Here is my earlier post on Informatica transformations. You can find the list of interview questions for Data warehousing job.
1). What is data warehouse?
A data warehouse is the electronic storage of an Organization’s historical data for the purpose of analysis and reporting. According to Kimpball, a data warehouse should be subject-oriented, non-volatile, integrated, and time-variant.
Note here, Non-volatile means that the data once loaded in the warehouse will not get deleted later. Time-variant means the data will change with respect to time.
The above definition of data warehousing is typically considered as a “classical” definition. However, if you are interested, you may want to read the article – What is a data warehouse – A 101 guide to modern data warehousing – which opens up a broader definition of data warehousing.
2). What are the benefits of data warehouse?
A data warehouse helps to integrate data (see Data integration) and store them historically so that we can analyze different aspects of the business including, performance analysis, trend, prediction, etc. over a given time frame and use the result of our analysis to improve the efficiency of business processes.

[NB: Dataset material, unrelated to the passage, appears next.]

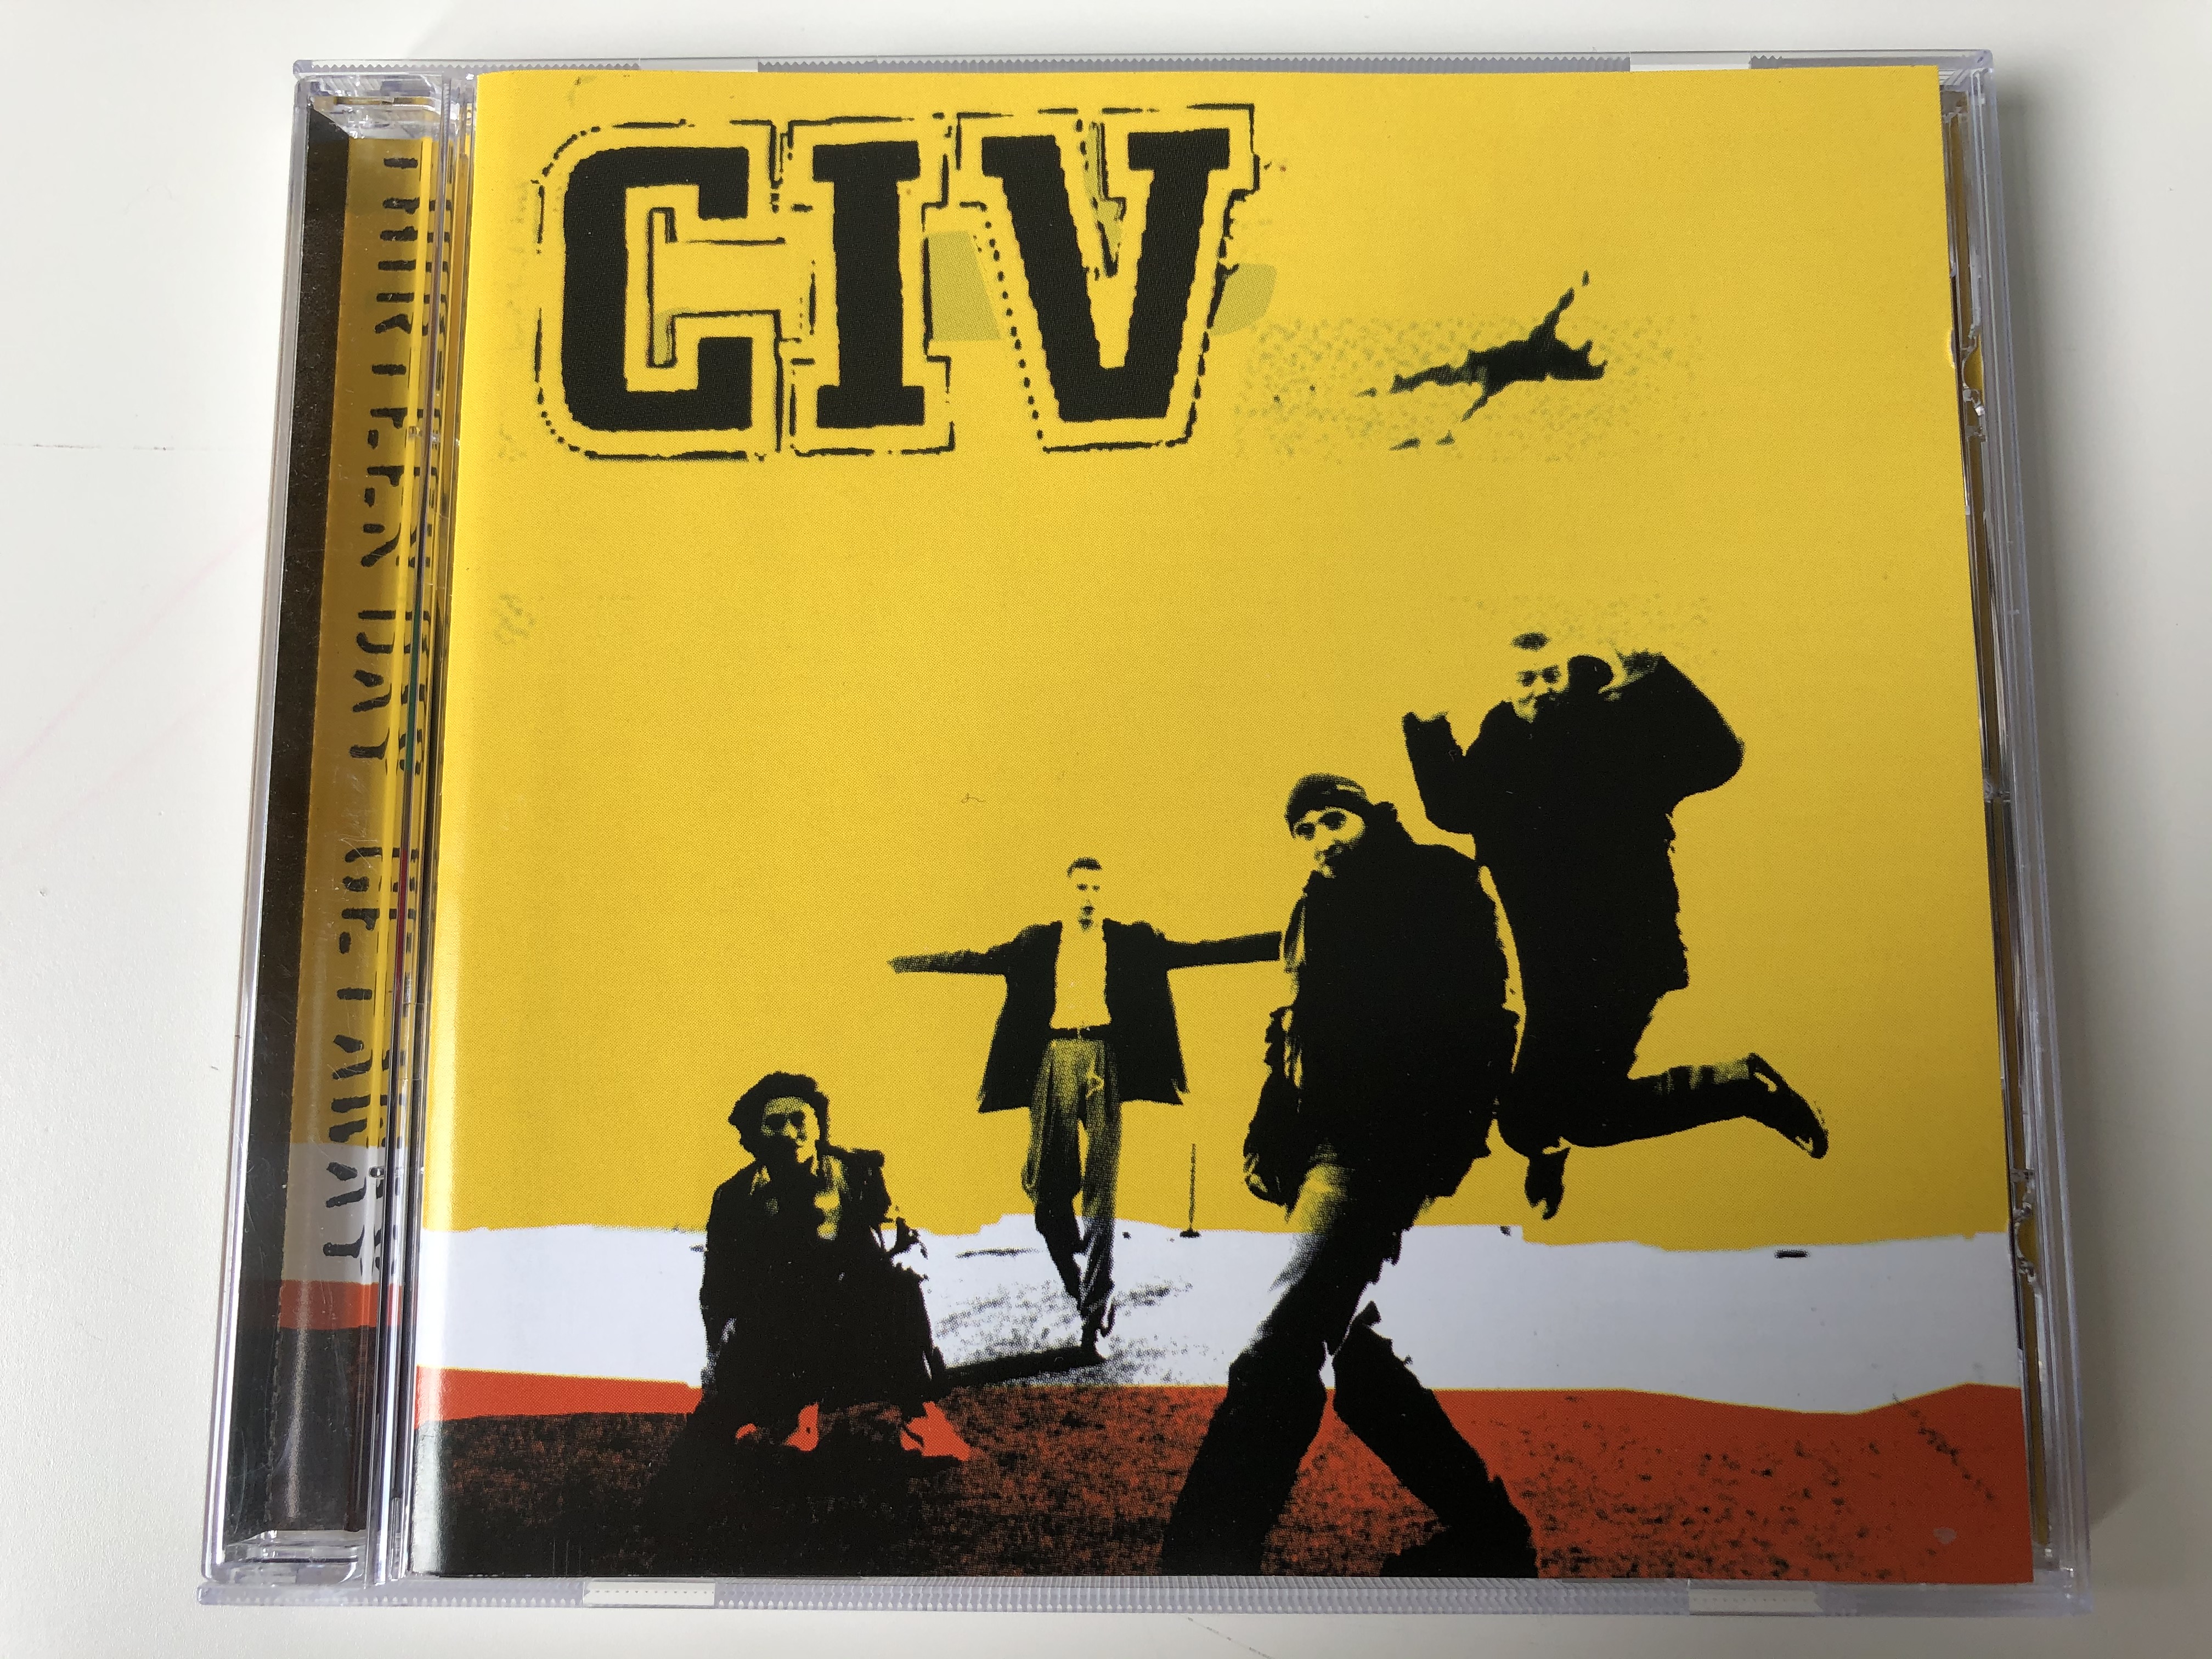 civ-thirteen-day-getaway-atlantic-audio-cd-1998-7567-83073-2-1-.jpg

3). Why Data Warehouse is used?
For a long time in the past and also even today, Data warehouses are built to facilitate reporting on different key business processes of an organization, known as KPI. Data warehouses also help to integrate data from different sources and show a single-point-of-truth values about the business measures.
A data warehouse can be further used for data mining which helps trend prediction, forecasts, pattern recognition, etc. Check this article to know more about data mining
4). What is the difference between OLTP and OLAP?
OLTP is a transaction system that collects business data. Whereas OLAP is the reporting and analysis system on that data.
OLTP systems are optimized for INSERT, UPDATE operations and therefore highly normalized. On the other hand, OLAP systems are deliberately denormalized for fast data retrieval through SELECT operations.
In a departmental shop, when we pay the prices at the check-out counter, the salesperson at the counter keys-in all the data into a “Point-Of-Sales” machine. That data is transaction data and the related system is an OLTP system.
On the other hand, the manager of the store might want to view a report on out-of-stock materials, so that he can place a purchase order for them. Such a report will come out from the OLAP system
5). What is data mart?
Data marts are generally designed for a single subject area. An organization may have data pertaining to different departments like Finance, HR, Marketing, etc. stored in a data warehouse and each department may have separate data marts. These data marts can be built on top of the data warehouse.
6). What is ER model?
The ER model is an entity-relationship model that is designed with the goal of normalizing the data.
7). What is Dimensional Modeling?
The Dimensional model consists of dimension and fact tables. Fact tables store different transactional measurements and the foreign keys from dimension tables that qualify the data. The goal of the Dimensional model is not to achieve a high degree of normalization but to facilitate easy and faster data retrieval.
8). What is dimension?
A dimension is something that qualifies as a quantity (measure). If I just say… “20kg”, it does not mean anything. But 20kg of Rice (Product) is sold to Ramesh (customer) on 5th April (date), which gives a meaningful sense. These products, customers,s, and dates are some dimension that qualified the measure. Dimensions are mutually independent. Technically speaking, a dimension is a data element that categorizes each item in a data set into non-overlapping regions.